Problem details:
Your answer must be the lines of the material below, exactly as written, from its first line through the line with "Everything you need", and no pictures.

Supplied material:
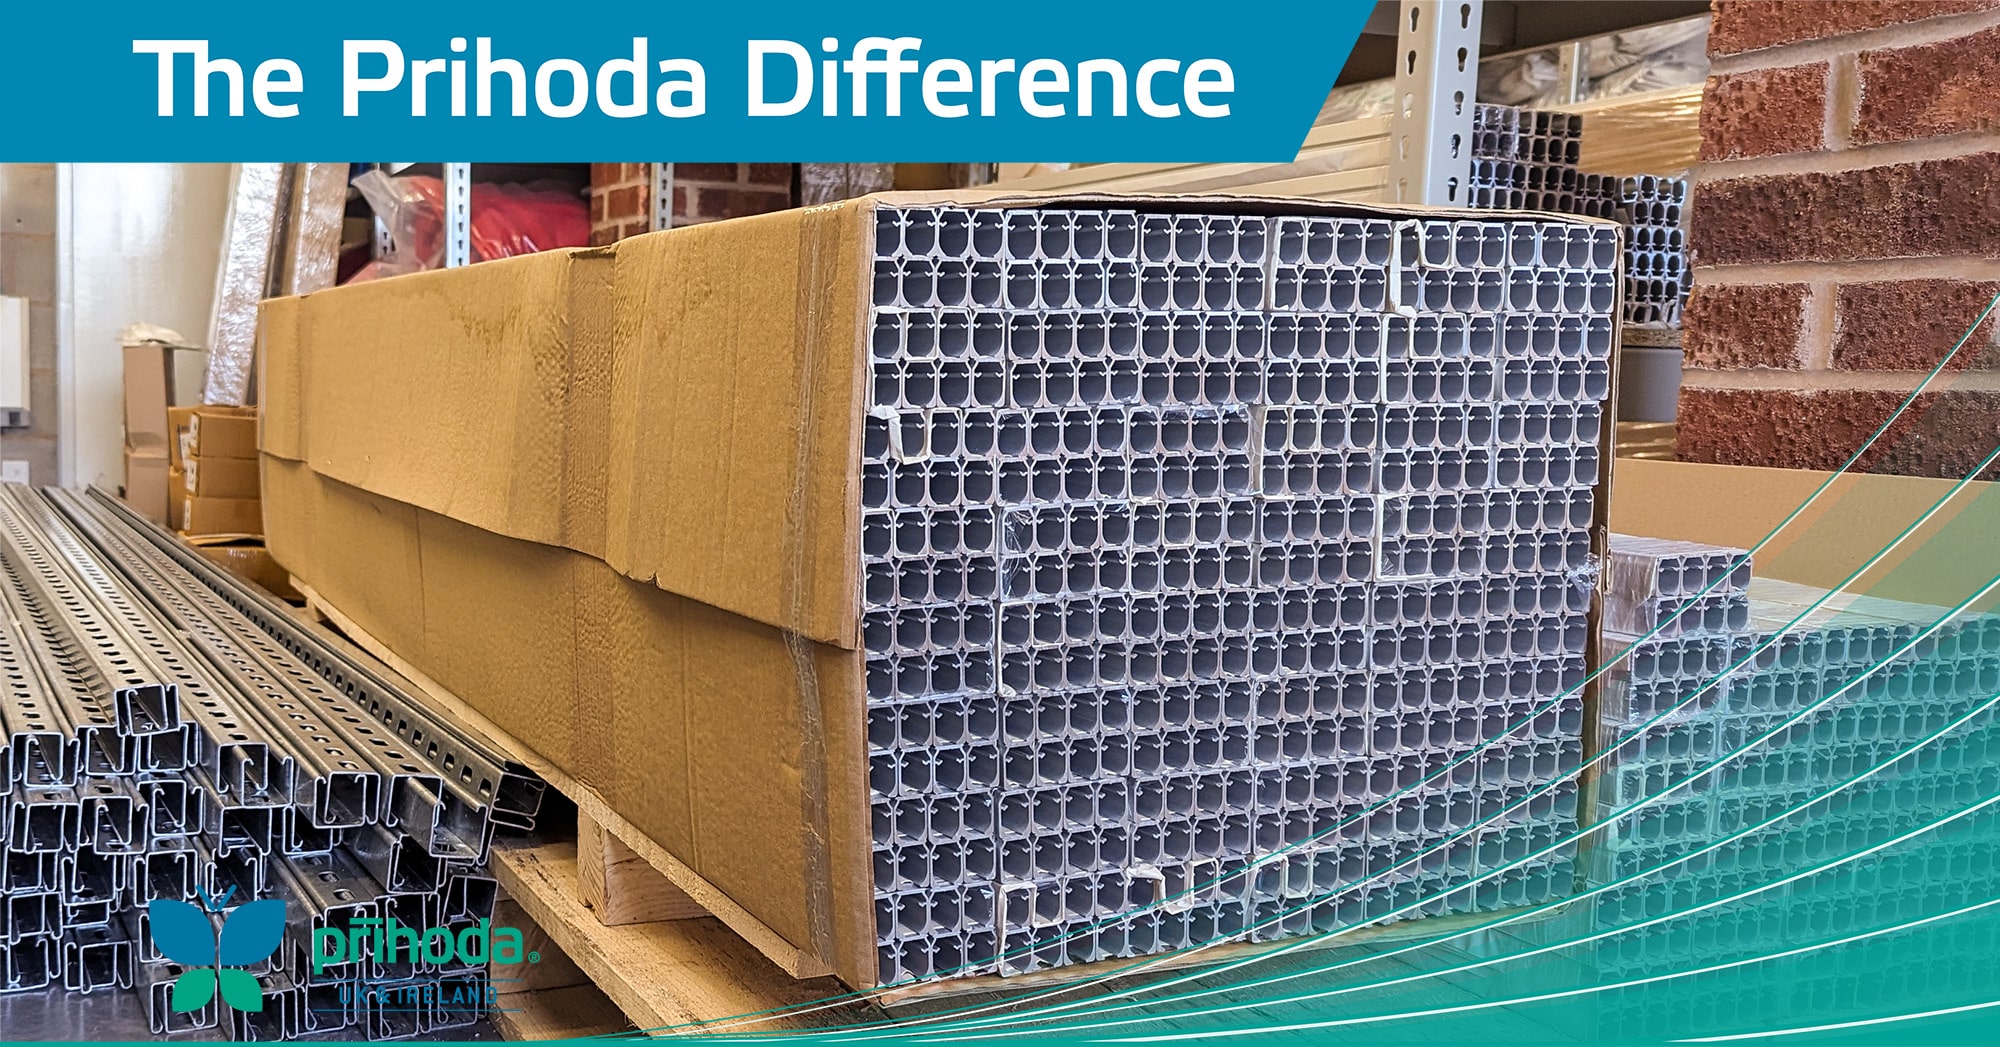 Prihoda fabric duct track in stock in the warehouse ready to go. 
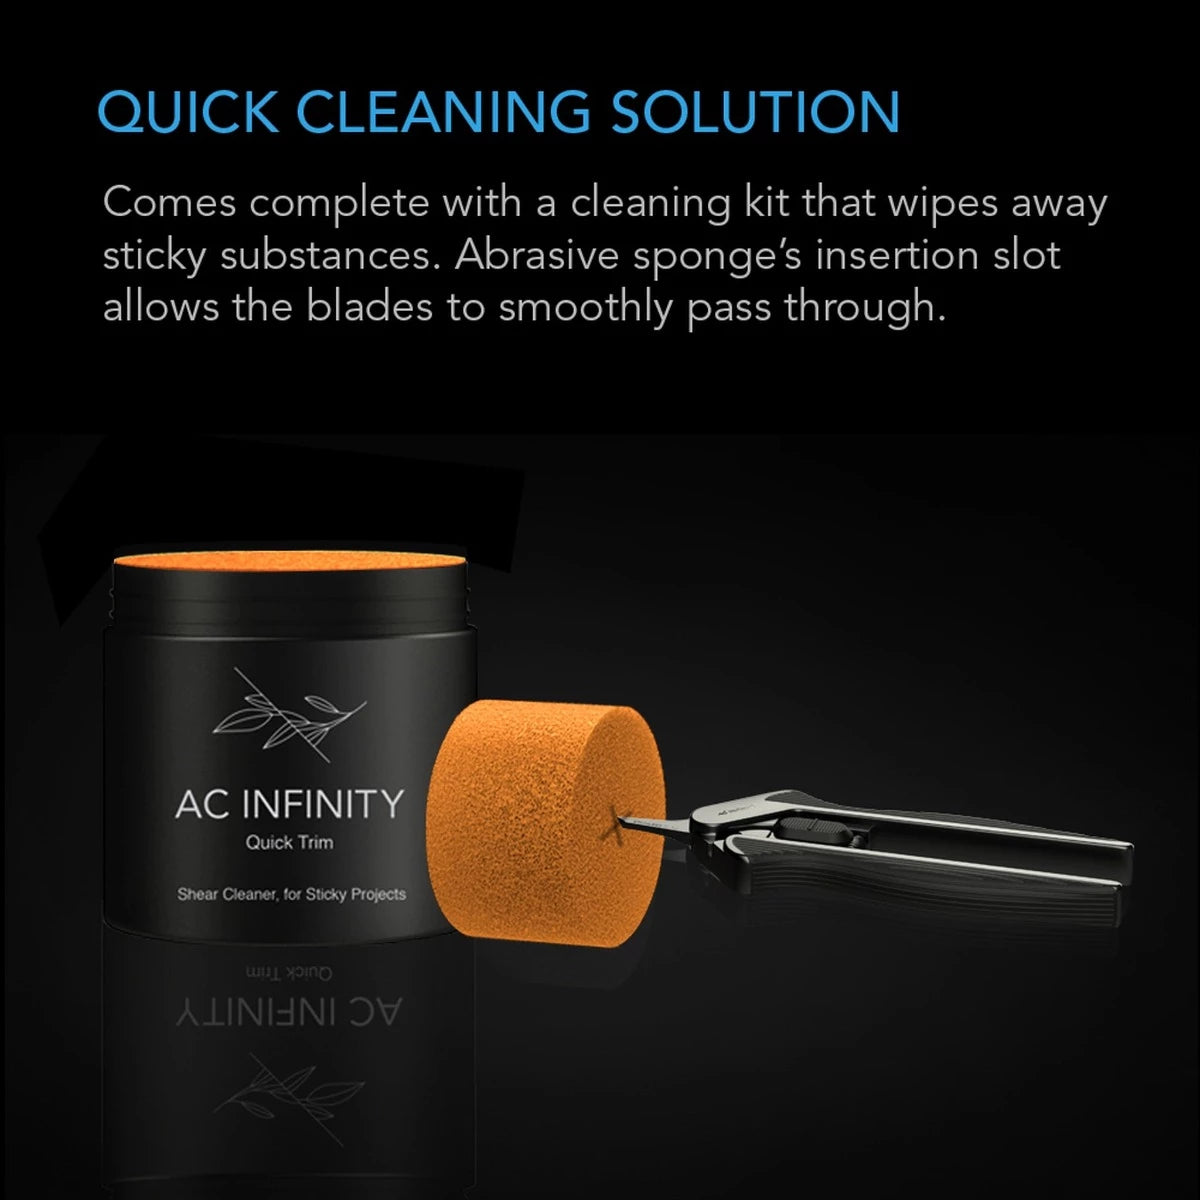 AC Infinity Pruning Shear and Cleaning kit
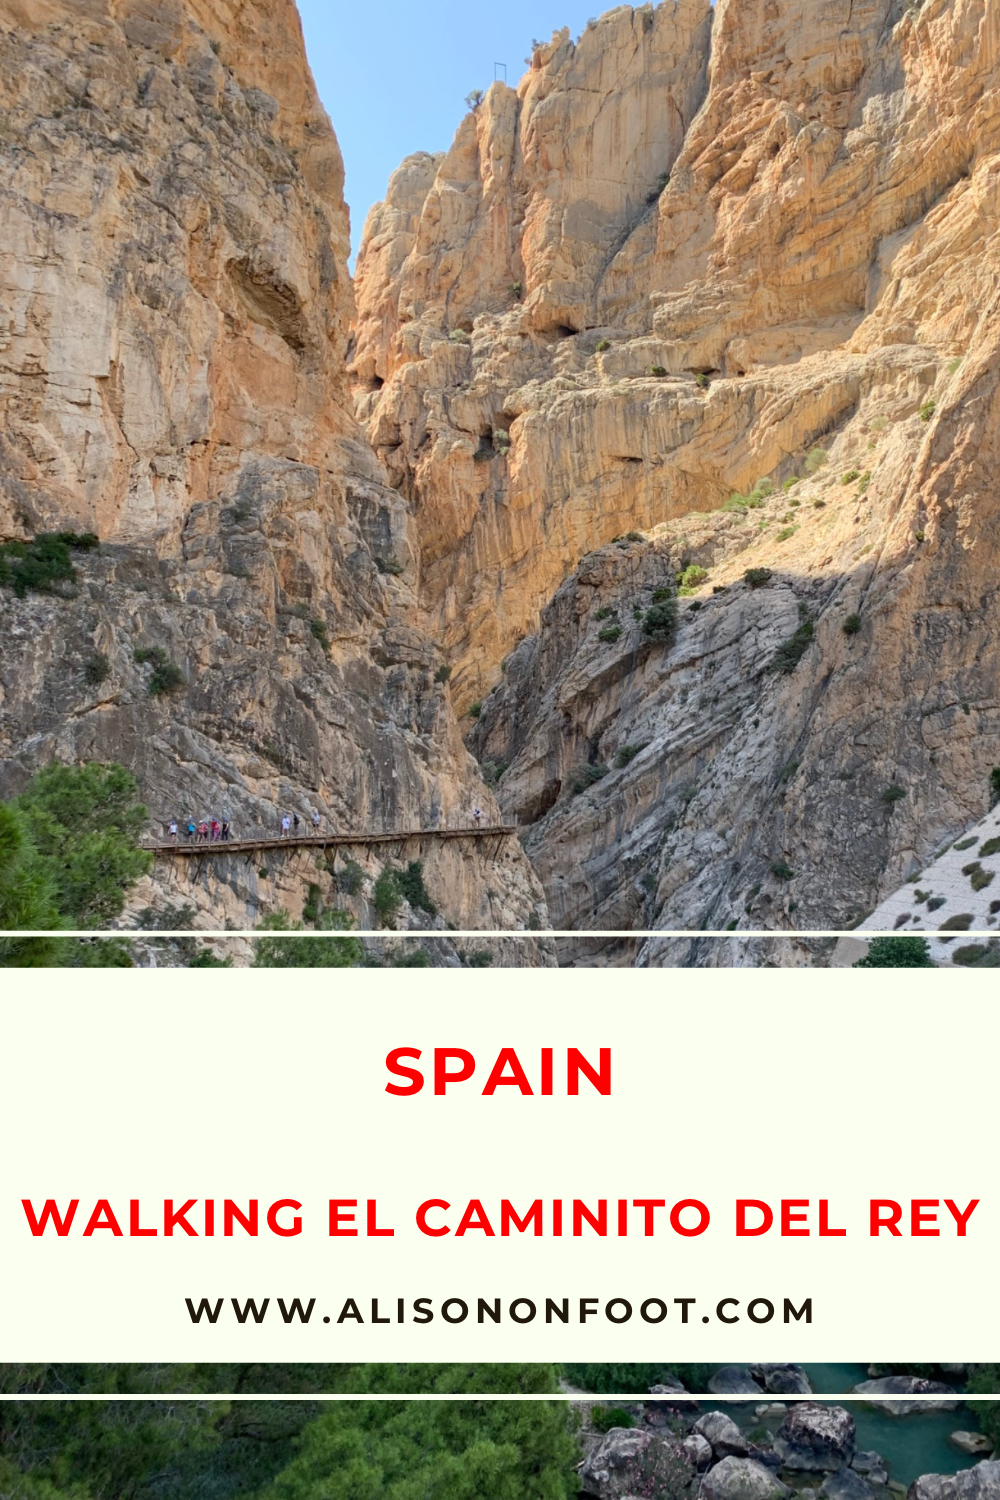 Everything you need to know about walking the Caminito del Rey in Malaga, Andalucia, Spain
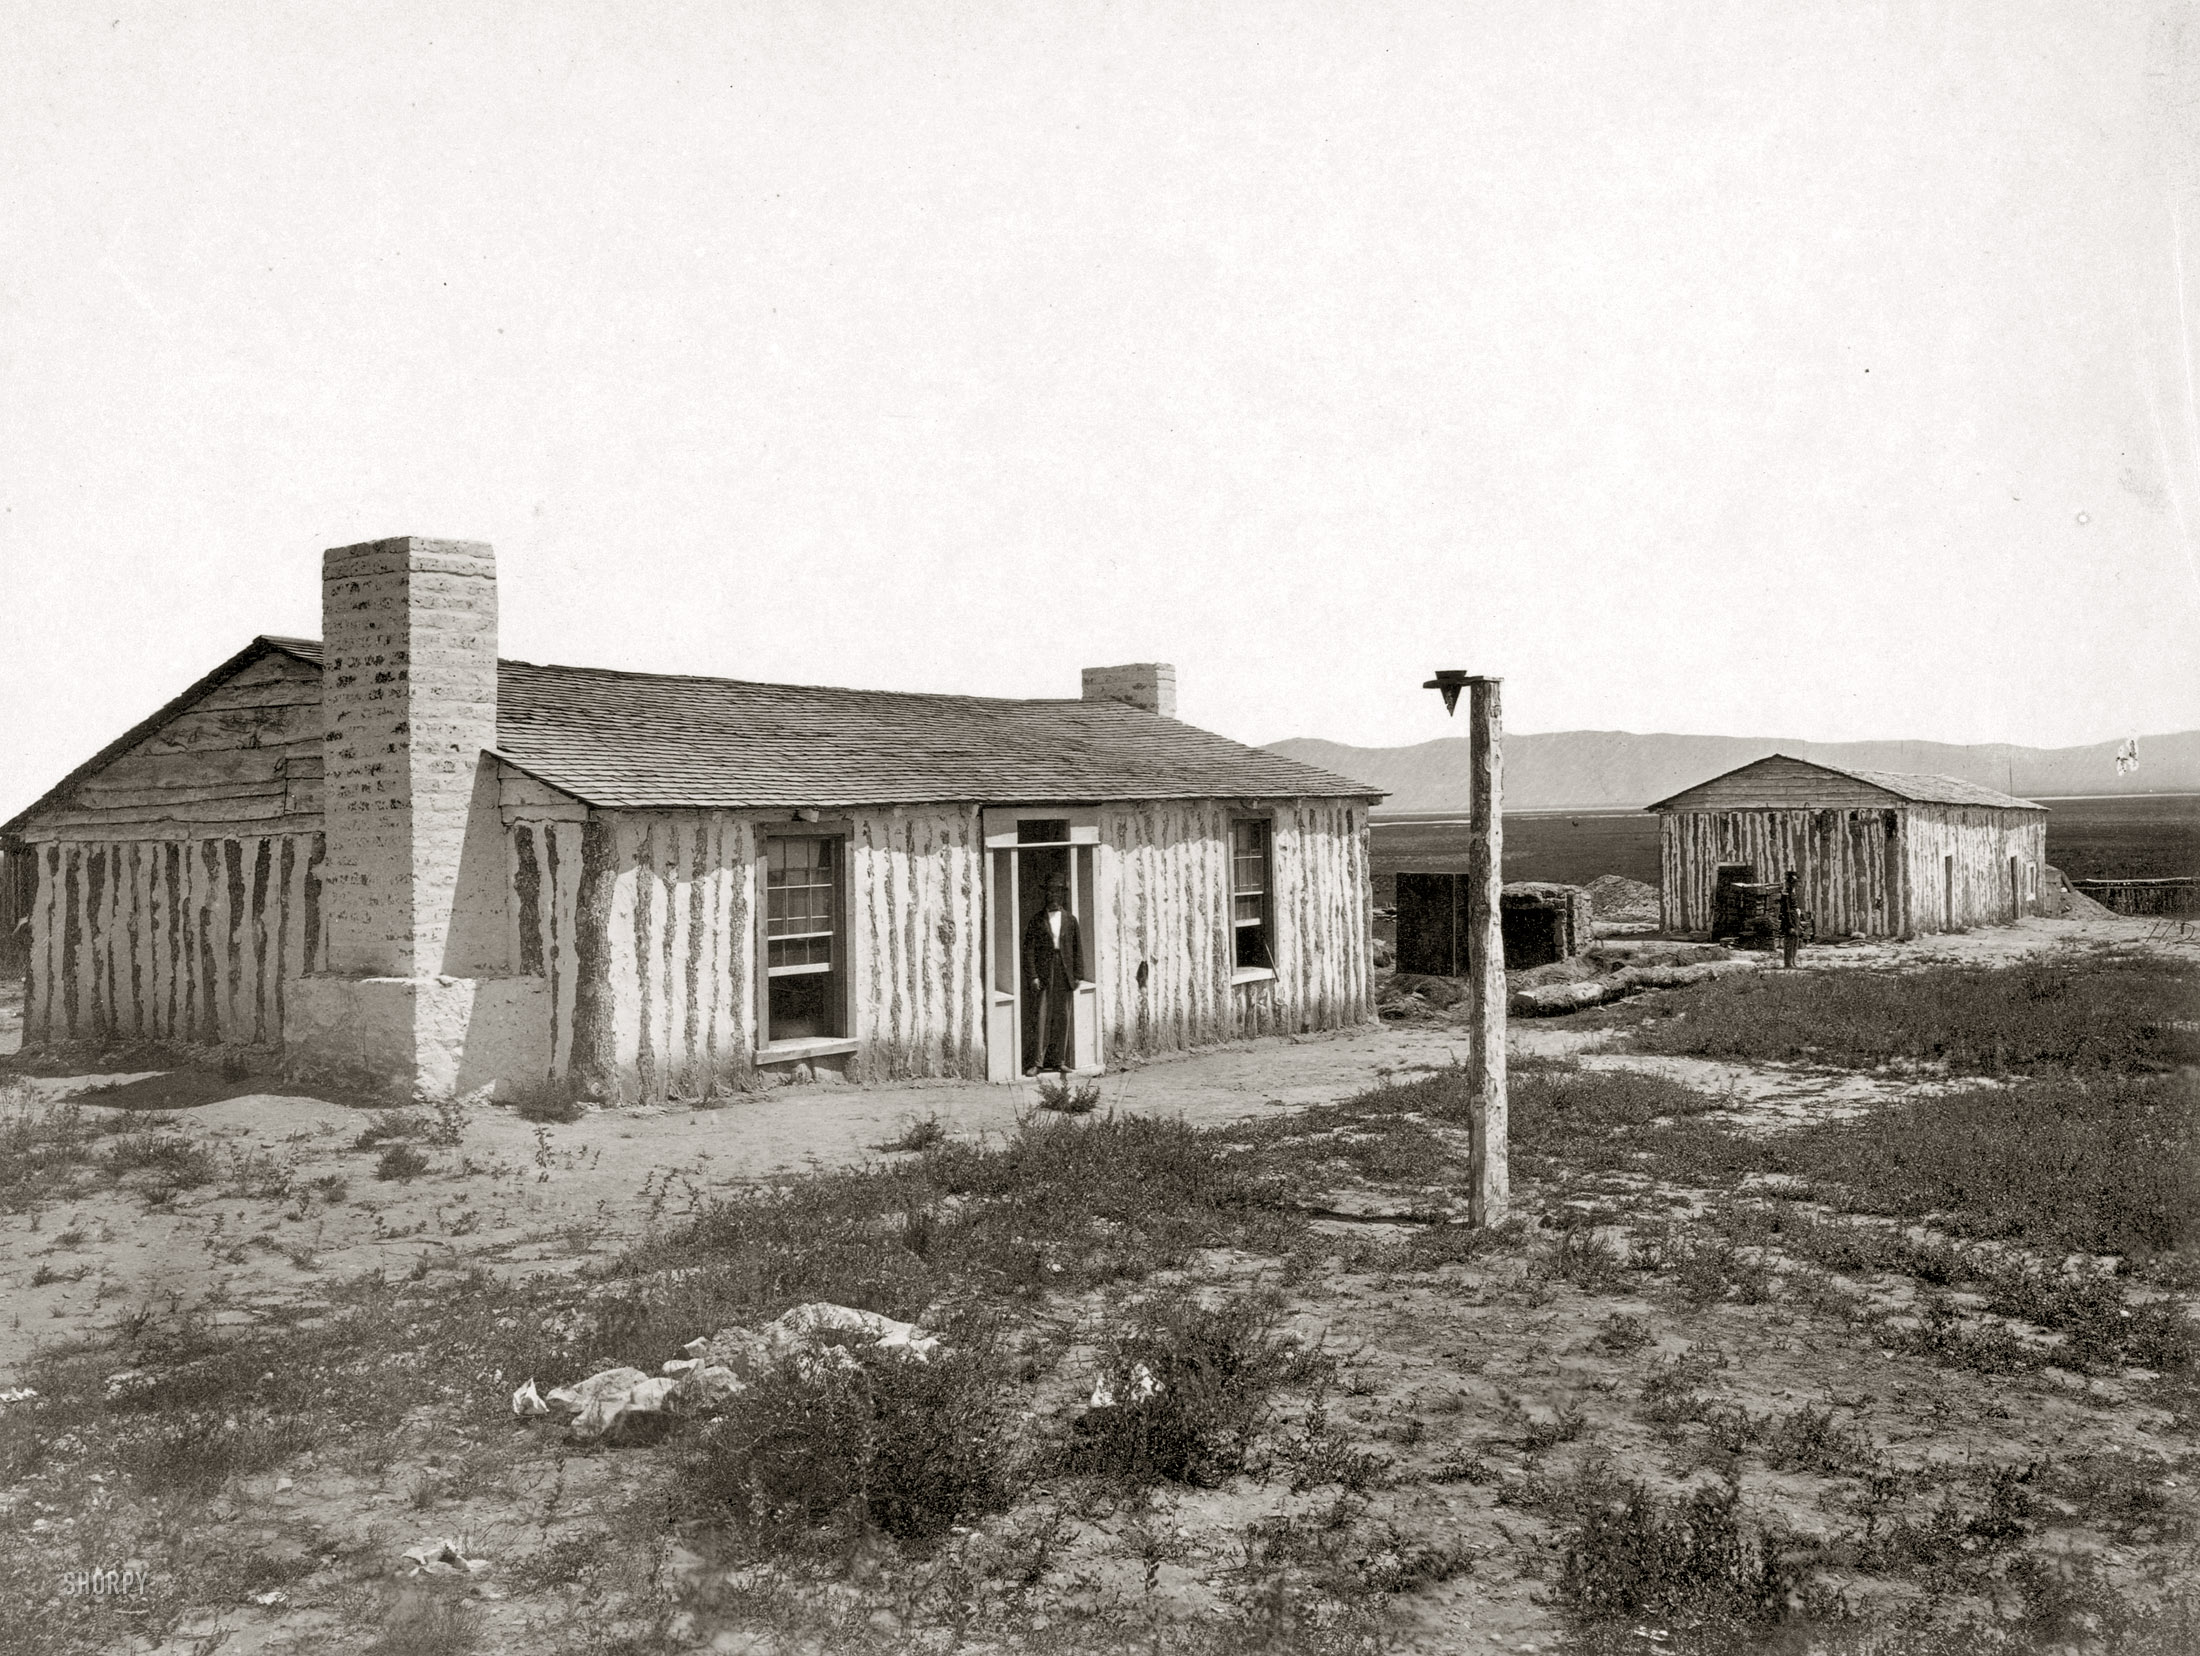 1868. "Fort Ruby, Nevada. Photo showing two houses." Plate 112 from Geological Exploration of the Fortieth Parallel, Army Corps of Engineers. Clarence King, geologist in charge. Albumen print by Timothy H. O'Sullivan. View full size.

Output:
 Prihoda fabric duct track in stock in the warehouse ready to go. 
 AC Infinity Pruning Shear and Cleaning kit
 Everything you need to know about walking the Caminito del Rey in Malaga, Andalucia, Spain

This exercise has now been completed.